If II-3 is CC and II-5 is CC → all children are CC (probability 1/3 × 1 = 1/3)
If II-3 is Cc and II-5 is CC → children are 1/2 CC and 1/2 Cc (probability 2/3 × 1 = 2/3)

Step 4: Calculate the probability that III-1 is Cc.
P(III-1 is Cc) = P(II-3 is Cc) × P(Cc child from Cc × CC cross)
P(III-1 is Cc) = 2/3 × 1/2
P(III-1 is Cc) = 1/3 or approximately 33.3%

Note: If we account for the fact that Individual III-2 is affected (cc), this changes the calculation because it confirms that II-3 must be Cc (not CC). In that case:
Since II-3 must be Cc and II-5 must be Cc (to have an affected child), the probability that III-1 is a carrier is 2/3, because among unaffected children of Cc × Cc, 2 out of 3 are carriers.

Part C: Describe DNA testing and its advantage

A genetic counselor could use DNA sequencing or PCR-based genetic testing to analyze Individual III-1's CFTR gene (the gene responsible for cystic fibrosis). The test would examine both alleles to determine if III-1 carries one normal allele and one mutated allele (carrier status) or has two normal alleles (non-carrier). This is typically done through blood or saliva sample collection, DNA extraction, and targeted sequencing of the CFTR gene region.

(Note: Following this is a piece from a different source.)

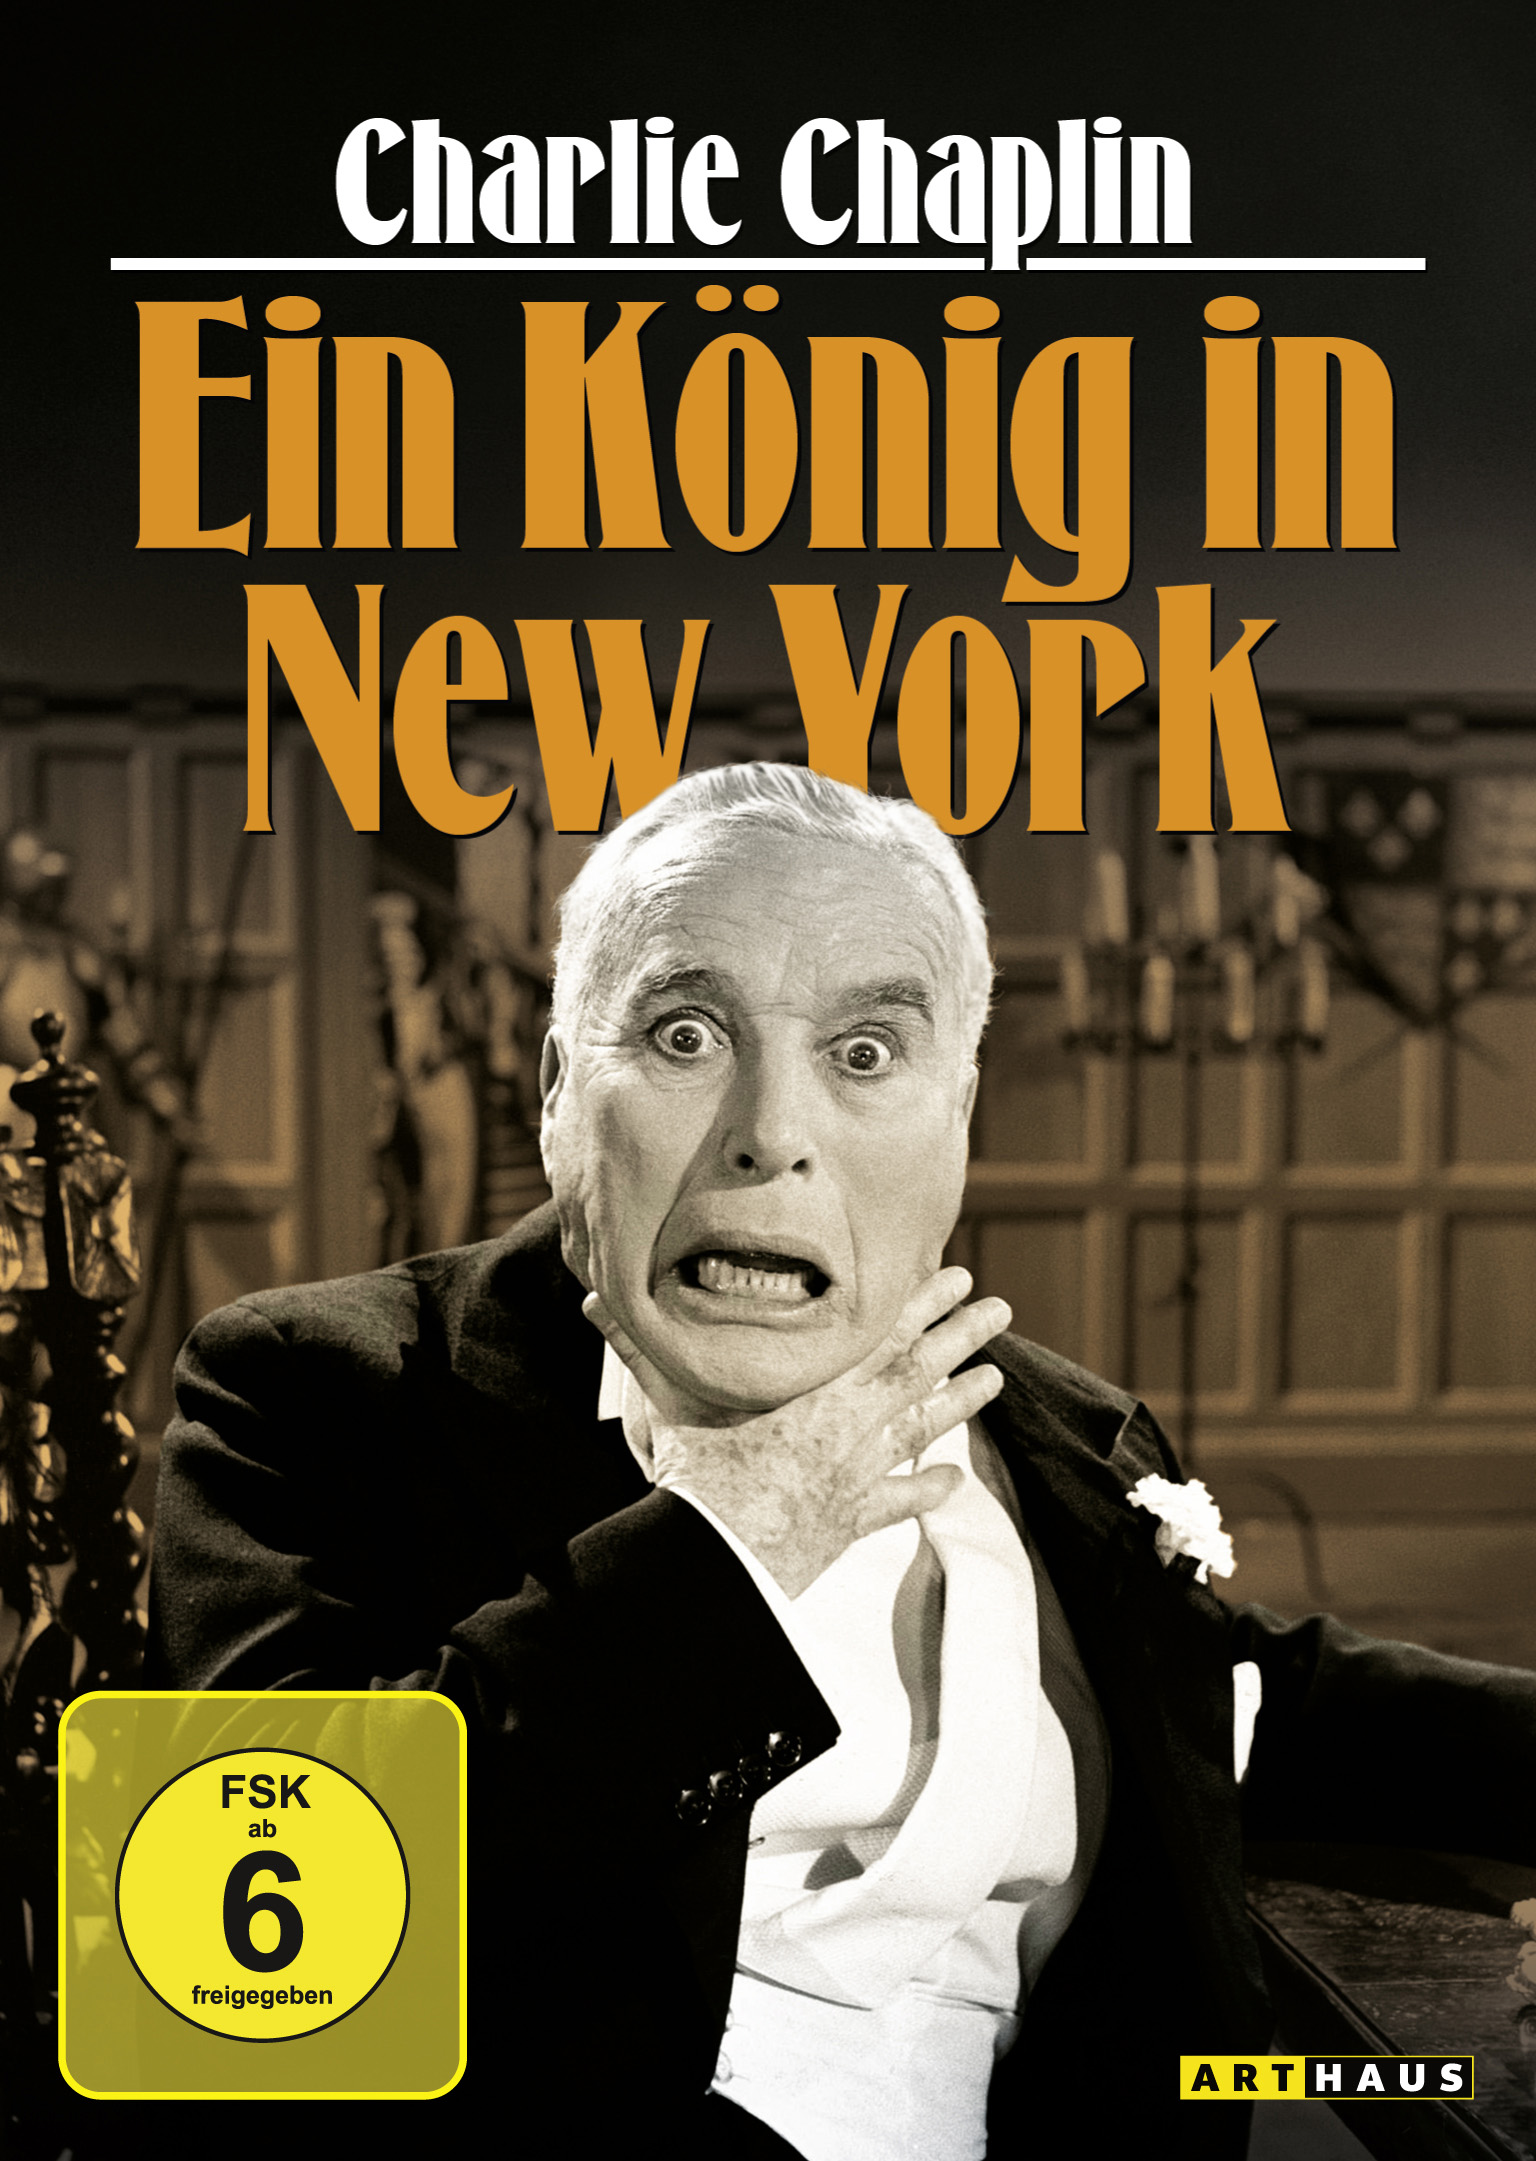 Ein Chaplin in DVD New Charlie König York -

One advantage of this information for family planning is that if III-1 is confirmed to be a carrier, she and her partner can undergo genetic counseling to assess the risk of having a child with cystic fibrosis. If her partner is also tested and found to be a carrier, they would have a 25% chance with each pregnancy of having an affected child, and could make informed reproductive decisions including preimplantation genetic diagnosis (PGD), prenatal testing, or other family planning options.